KLA-Tencor (San Jose, Calif.) will introduce an inspection suite designed to overcome these limitations, the 2401 Automated Macro Defect Inspection System. It is expected to replace the bright-light MADI performed by human operators. It provides automated detection, classification and reporting of all yield-critical MADI defect types, including hot spots, scratches, large particles, extra and missing resist, unexposed fields, striations and developer spots and splash-back (see Figure).

The system's sensitivity and inspection consistency, repeatability and accuracy far exceed a human operator's, allowing disposition decisions to be made quickly and accurately, reducing scrap and averting investment in low-yielding wafers. Integrated with other yield analysis systems, it provides information that can be used to correct defect mechanisms.

The system integrates brightfield and darkfield inspection technologies, necessary for detection of all MADI defect types. These technologies, combined with detection algorithms, simultaneous ADC and 80-wafers-per-hour throughput at 50 µm sensitivity, permit detection of individual or continued excursions on any wafer at every layer. Lacking the human equation, operator inattention or inadequate sampling are no longer issues.

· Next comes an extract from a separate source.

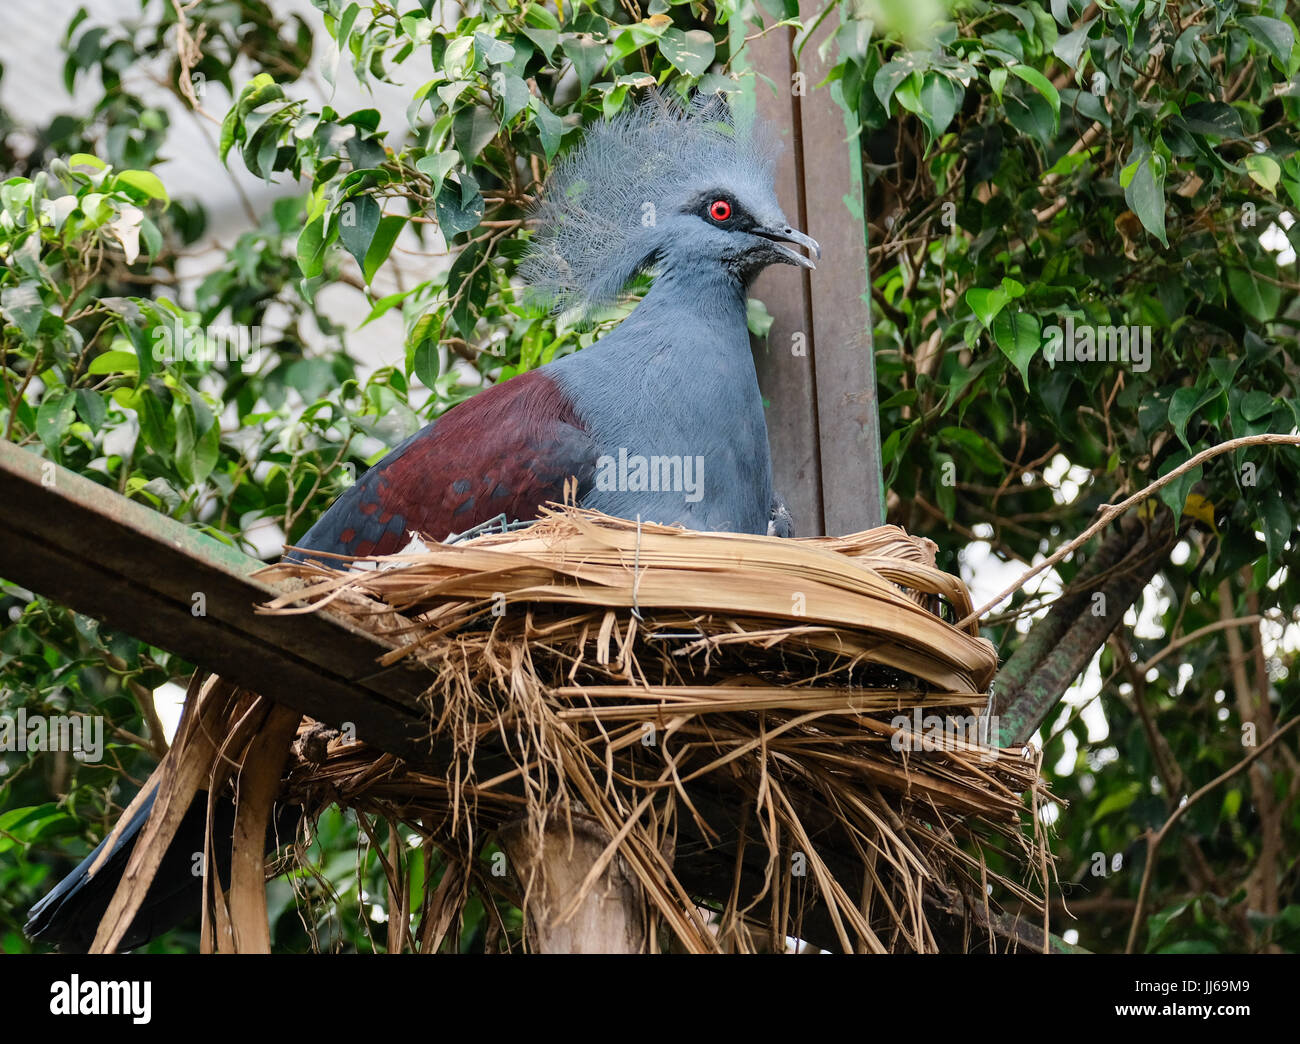 FUENGIROLA, ANDALUCIA/SPAIN - JULY 4 : Southern Crowned Pigeon (Goura scheepmakeri sclateri) at the Bioparc Fuengirola Costa del Sol Spain on July 4, 2017 Stock Photo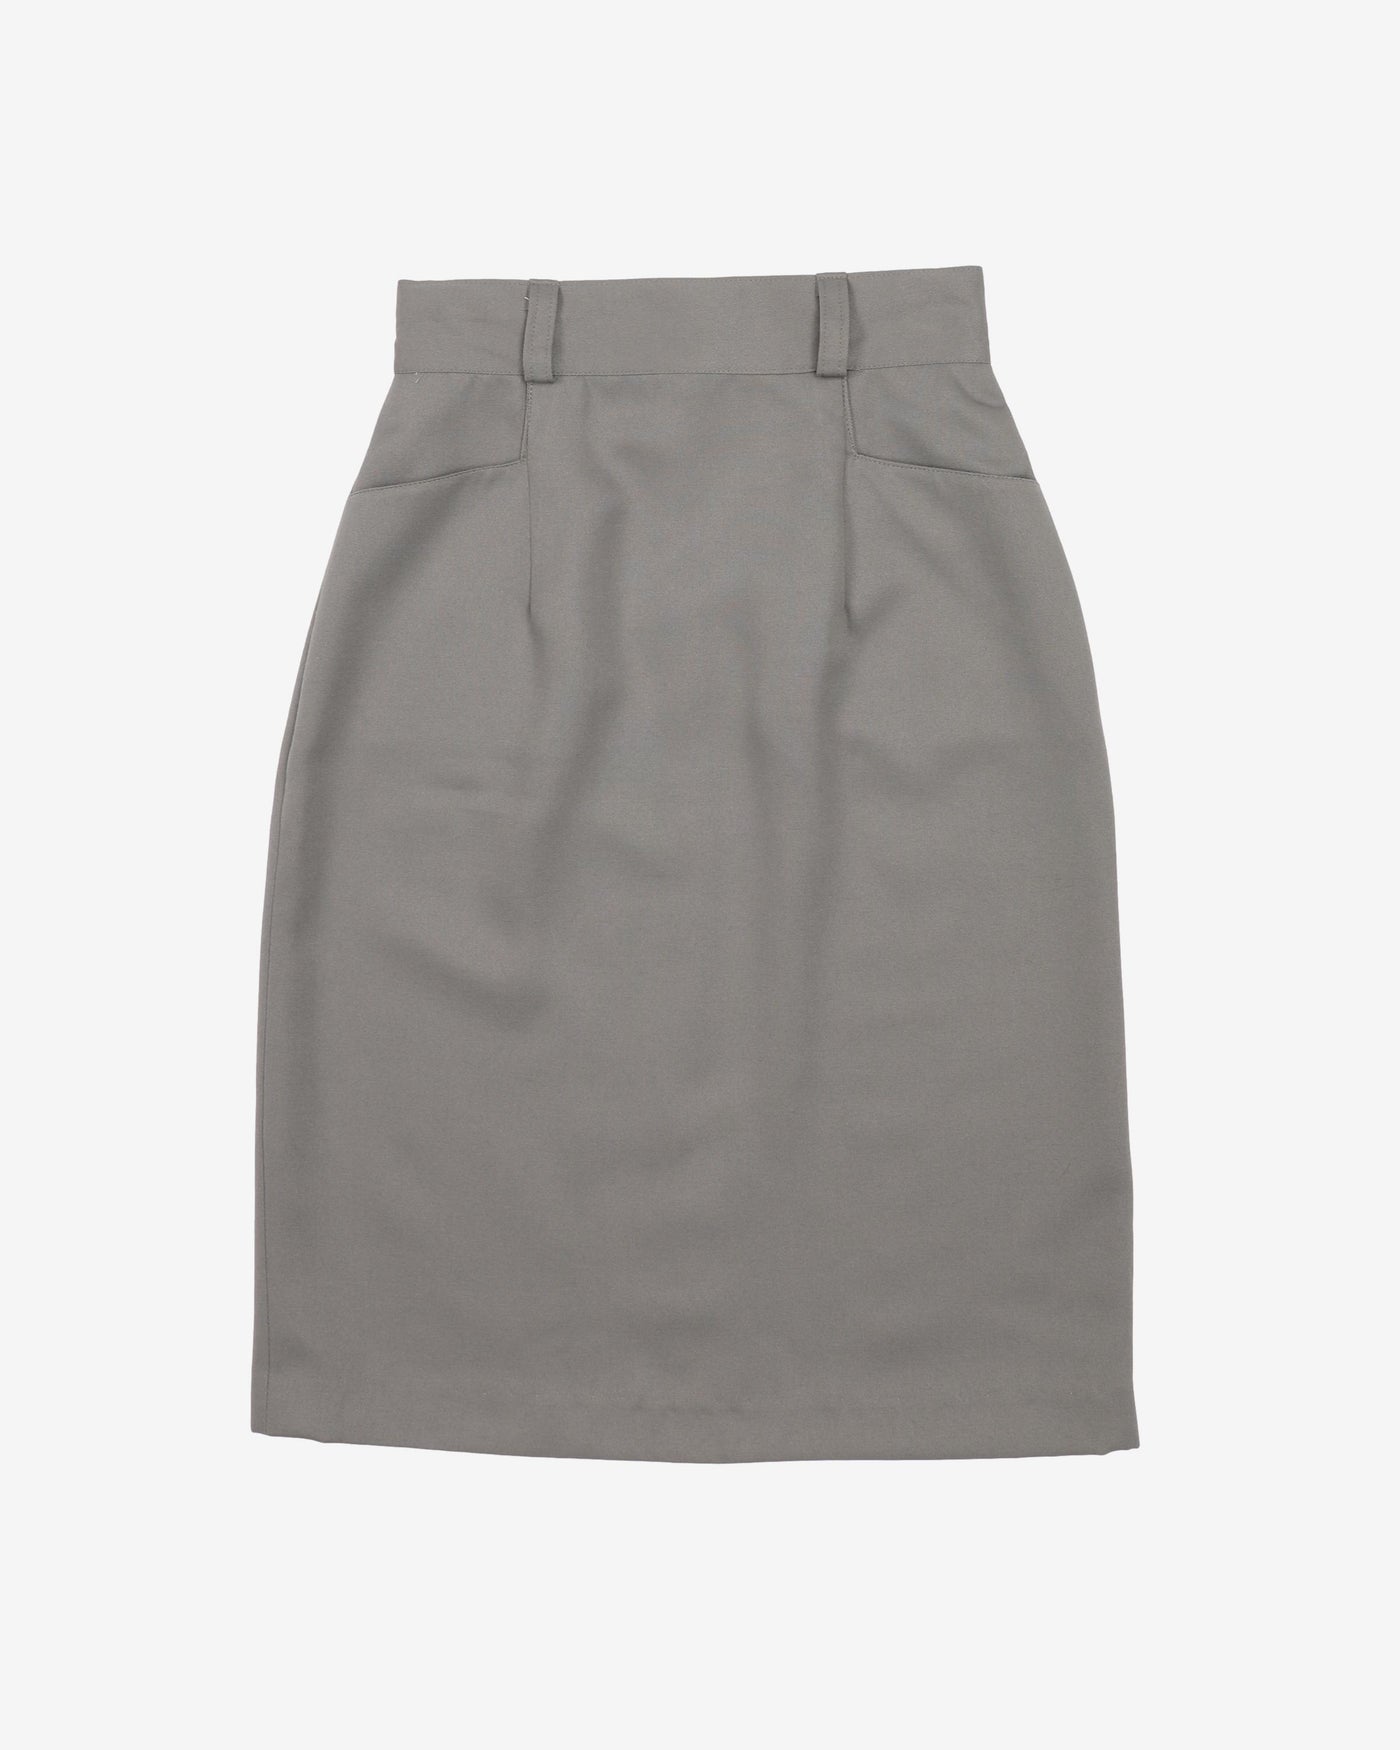 1990s Grey With Pockets Pencil Skirt - XS

The system's analysis capabilities provide recommended go/no-go disposition decisions, summary statistics, defect maps and defect images. This allows more effective dispositioning for higher productivity, lower scrap and more accurate rework decisions.

Integrated as part of a yield analysis system, the system can provide production and engineering analysis capabilities impossible with manual MADI. For example, it can create a composite map of wafers in a lot, revealing defect mechanisms invisible when looking at one wafer. It also produces defect images that are transferable to the analysis database for a better understanding of defect characteristics. Other analysis capabilities include control charts, summary statistics, defect source analysis, layer subtraction and zone analysis. Pass/fail settings can be configured for each recipe, enabling automated disposition decision-making. Information supporting the recommended decision ­ such as wafer maps and images ­ is also automatically provided.